** EXERCISE **
Would you restate each line of the data below word for word, without its pictures?

** RECORDED DATA **

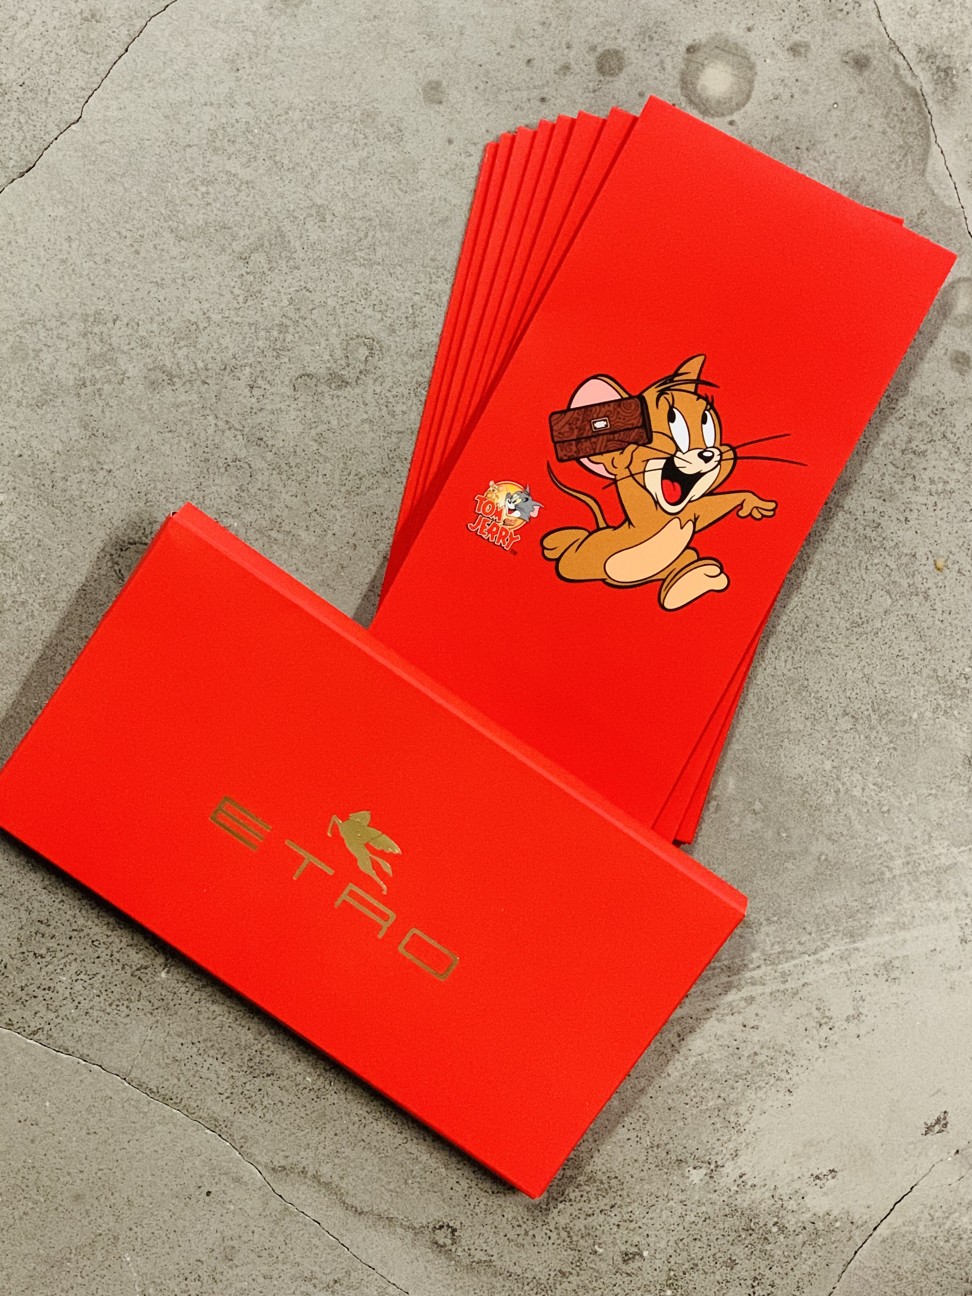 8 top chic and showy red packets, from Gucci, Cartier and more
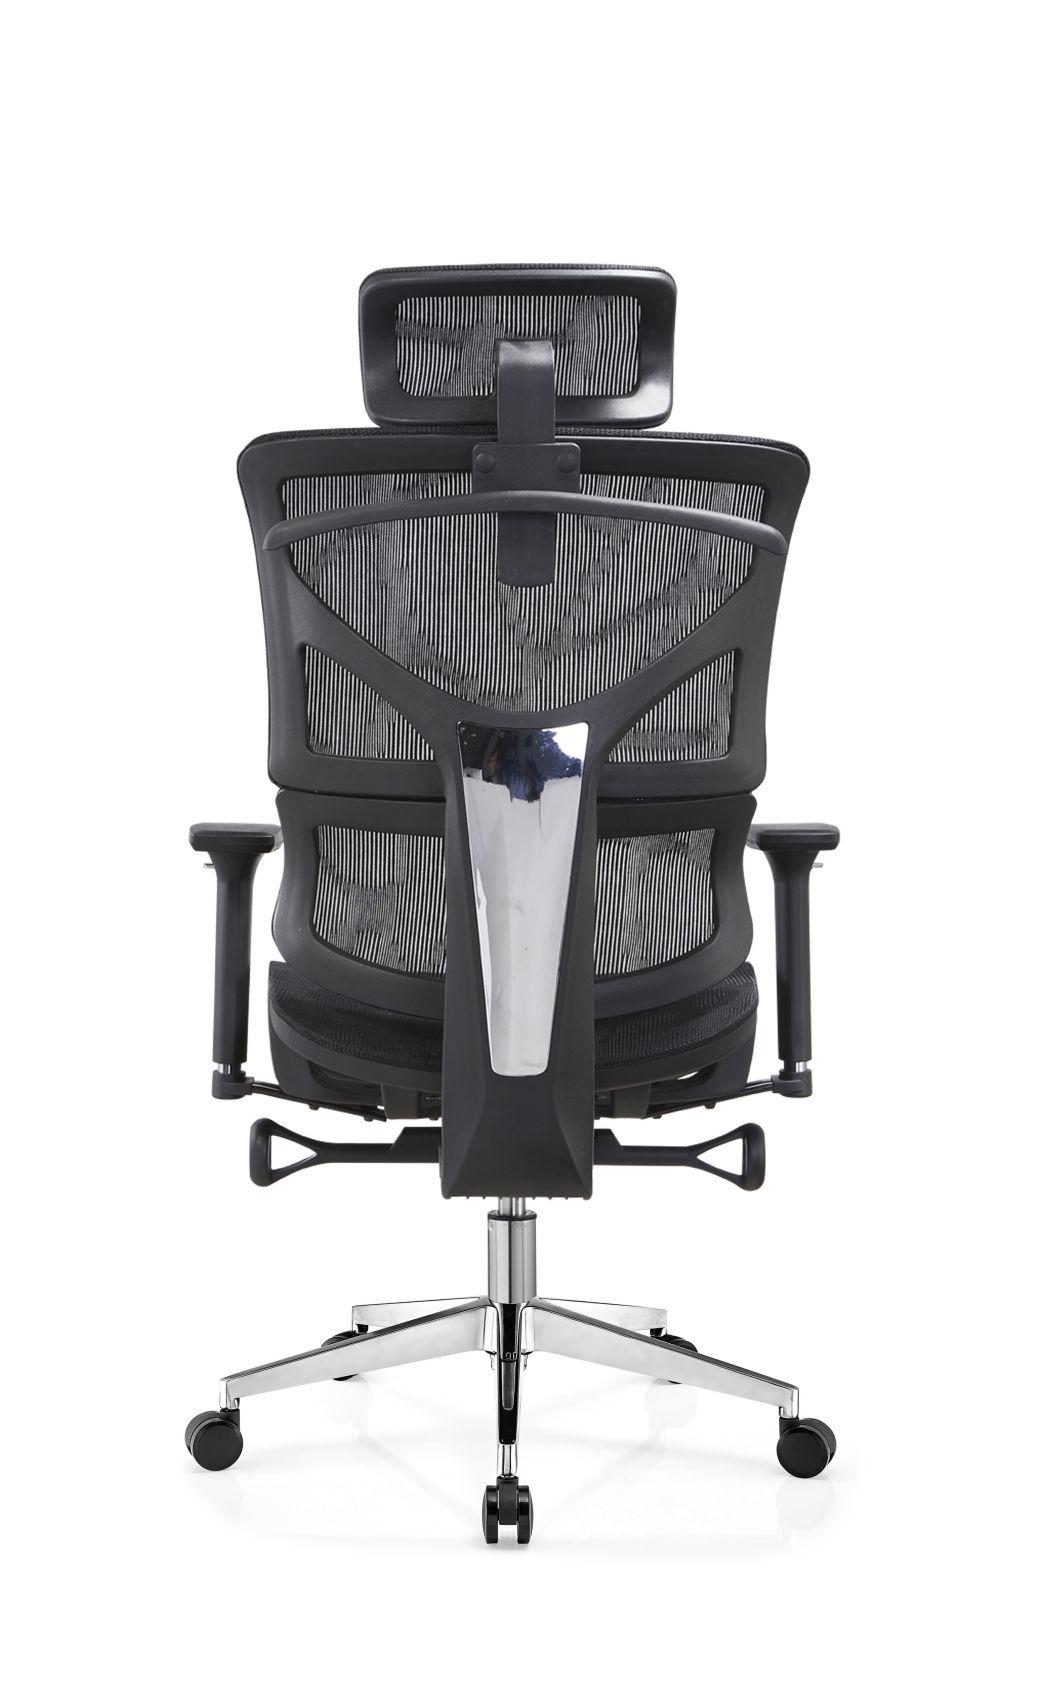 Black New Material High Resilience Flexibility Soundproof Mesh Office Seat Chairs
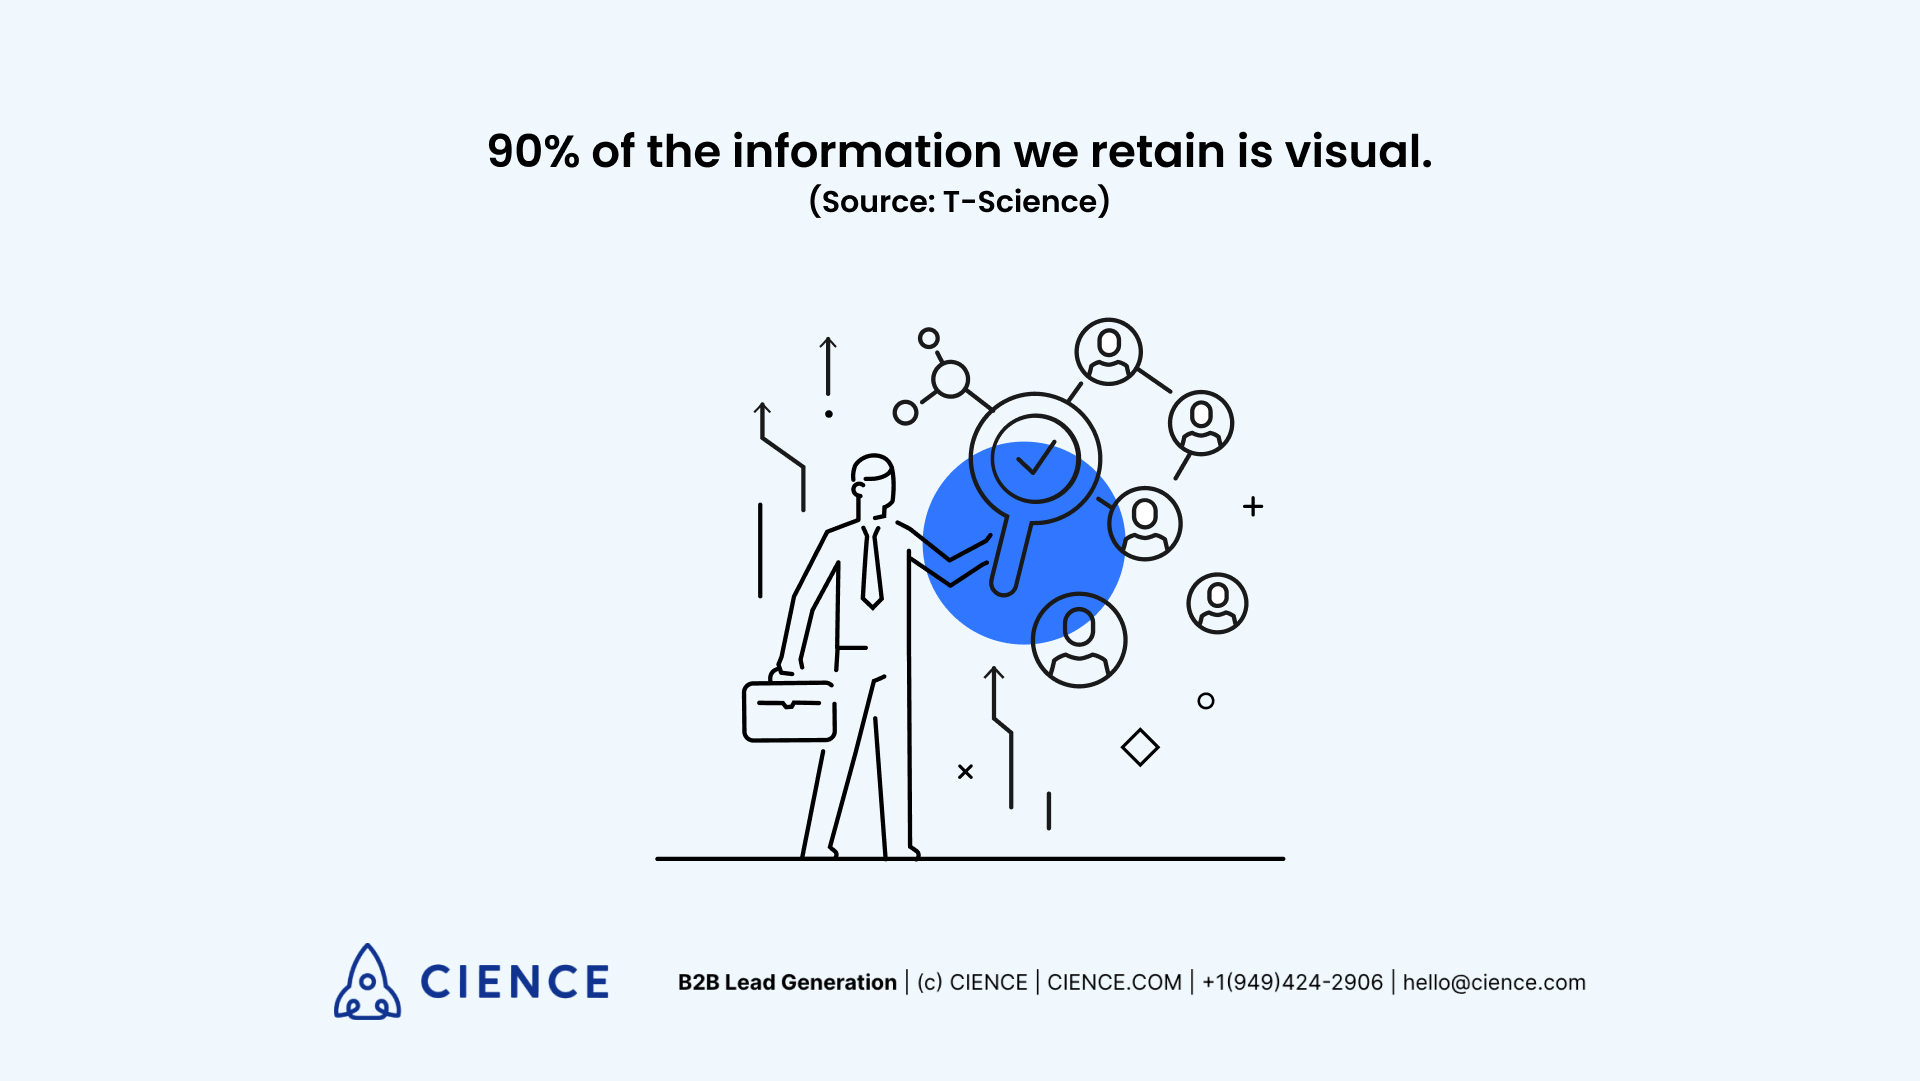 T-Science: 90% of the information we retain is visual
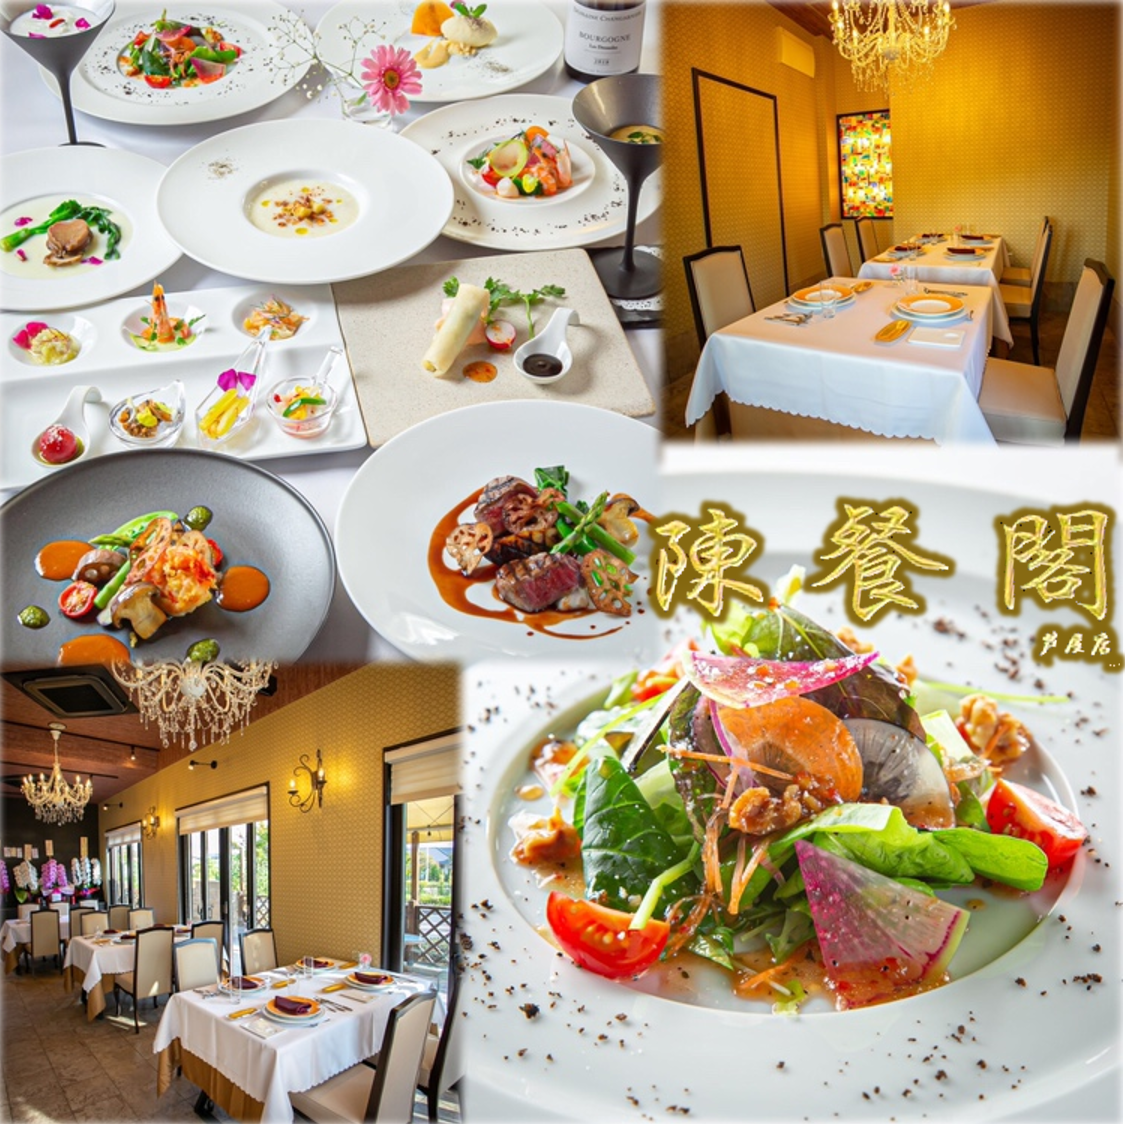 New Open in a quiet residential area ◎ Offering "Authentic Chinese" and "Authentic French" in various courses ◎

** OUTPUT **
 8 top chic and showy red packets, from Gucci, Cartier and more
 Black New Material High Resilience Flexibility Soundproof Mesh Office Seat Chairs
 T-Science: 90% of the information we retain is visual
 New Open in a quiet residential area ◎ Offering "Authentic Chinese" and "Authentic French" in various courses ◎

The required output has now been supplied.